1. ## Left Inverse

For each of the mappings f given in Excercise 1, determine whether f has a left inverse. Exhibit a left inverse whenever one exists

b. $f(x) = 3x$

I know the function is one to one and has a left inverse as follows

$\begin{array}{rl}
f(m) = f(n) \implies & 3m = 3n\\
\implies & m = n \end{array}$

Based on the lemma we have (lemma 1.24 in our book we know the following)

If there is an element $y \in Z$ such that $f(y)=x$, then $g(x)= y$.
$f(x) = 3x$
$f(y) = 3y$
$x = 3y$
$\frac{x}{3} = y$
$g(x) = \frac{x}{3}$

Now I know that is the inverse of the function but is that the inverse only when x is a multiple of 3? and it's an arbitrary $a_{0}$ for all other conditions? How would I write that ...

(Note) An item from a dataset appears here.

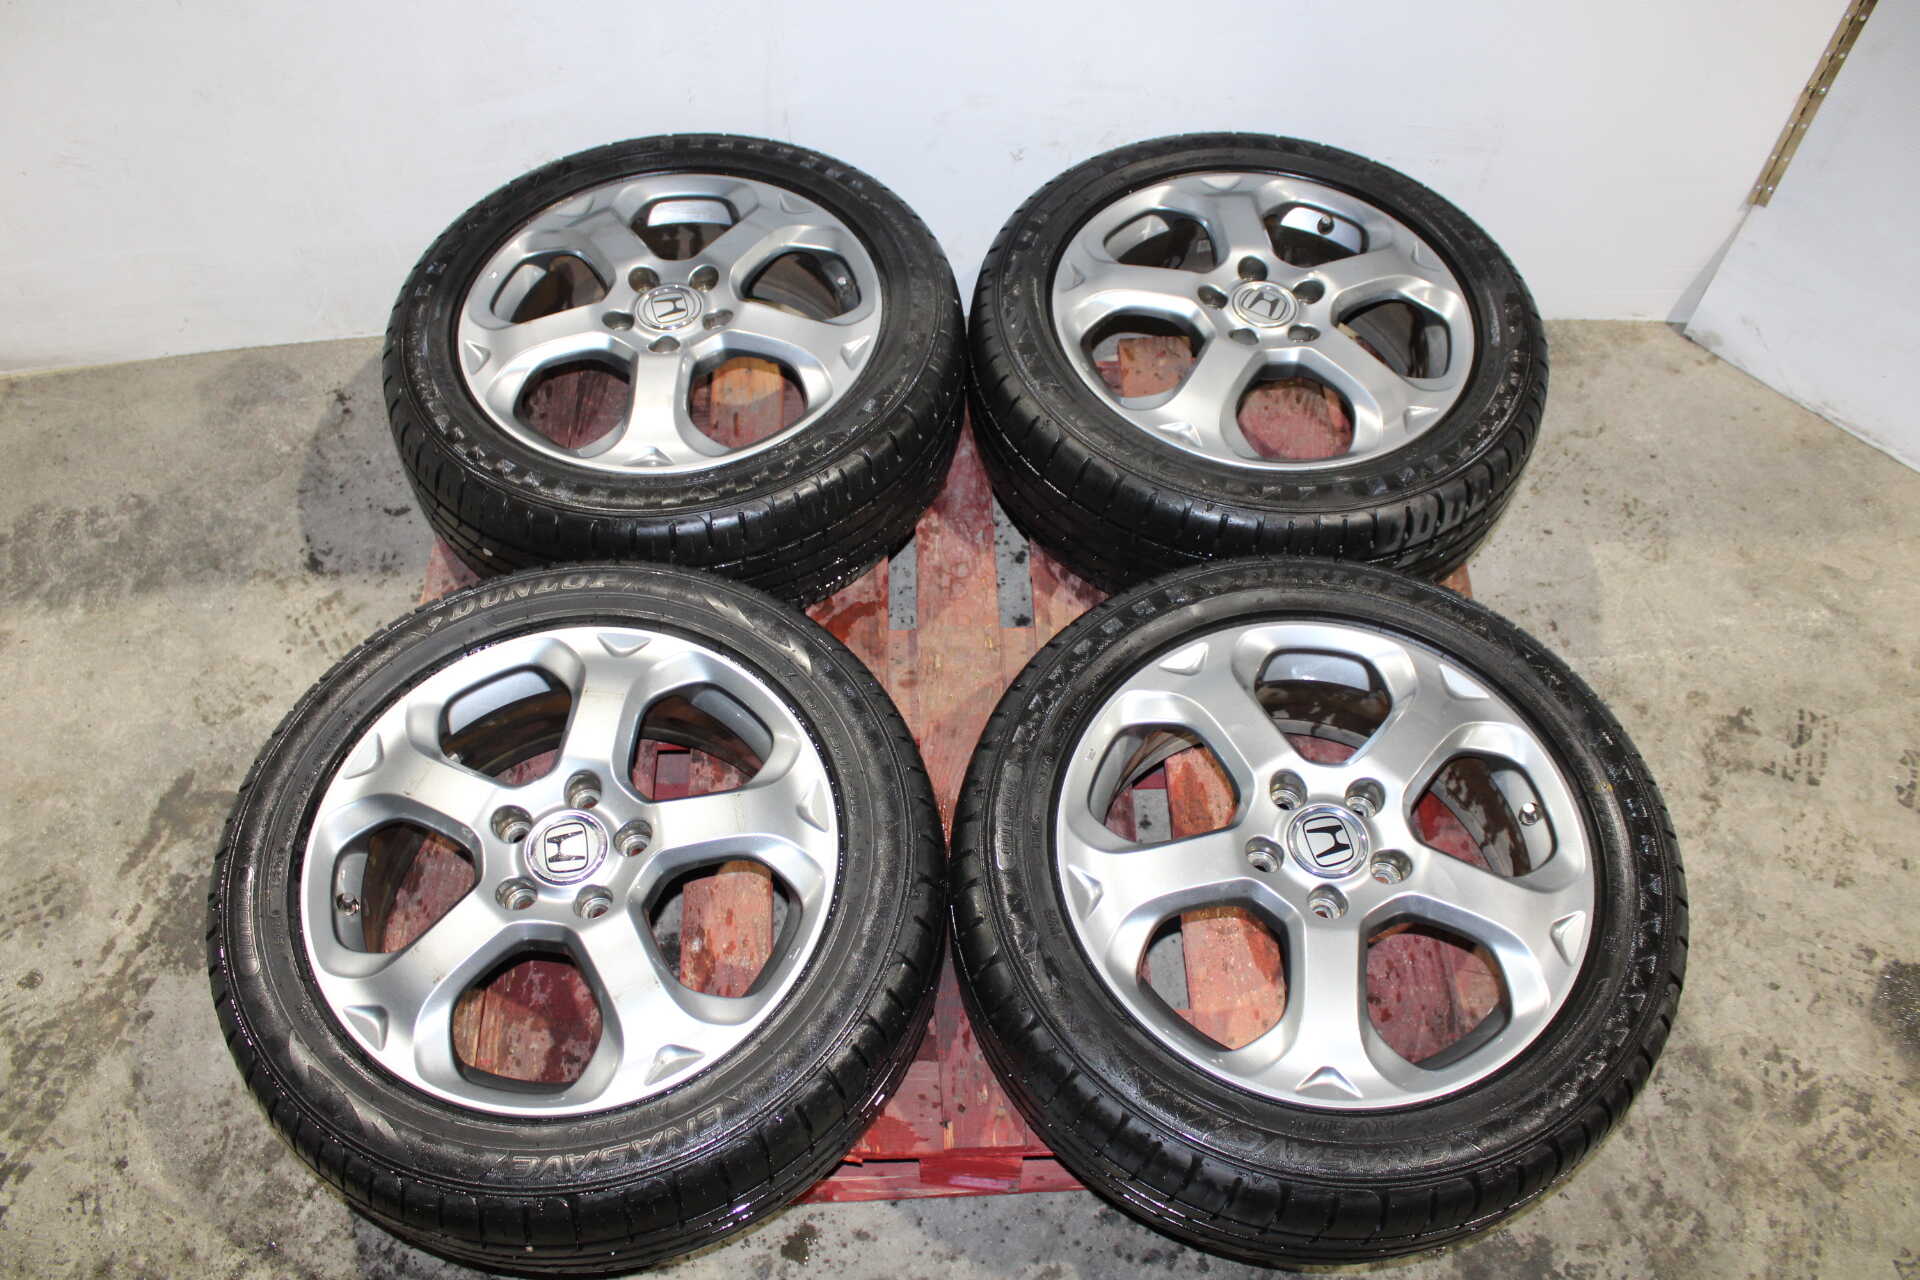 JDM HONDA WHEELS Imported from Japan 5X114.3 205 / 55 R17 17X6J OFFSET +55 Dunlop tires

A left inverse $g: Z \rightarrow Z$ is $$g(x) = \left\{ \begin{array}{ll} \frac{x}{3} & \mbox{if x is a multiple of 3}\\ 1 & \mbox{if x is not a multiple of 3}\end{array} \right.$$

As you can see the problem is essentially solved it's more or less how do I format my answer that would be expected by a professor when I take this course next semester.

2. Originally Posted by imind
As you can see the problem is essentially solved it's more or less how do I format my answer that would be expected by a professor when I take this course next semester.
I doubt that any of us could possibly know what any particular professor expects of you. You did not even tell the name of the course or the level.

3. It's modern algebra ... 3000 level or junior level ...

Does anyone know if the above I wrote is actually correct? (the course shouldn't be relevant to if the information is right or not ...)

4. Found the answer I needed ... it is indeed

$$g(x) = \left\{ \begin{array}{ll} \frac{x}{3} & \mbox{if x is a multiple of 3}\\ 1 & \mbox{if x is not a multiple of 3}\end{array} \right.$$

1 can be any arbitrary value you choose.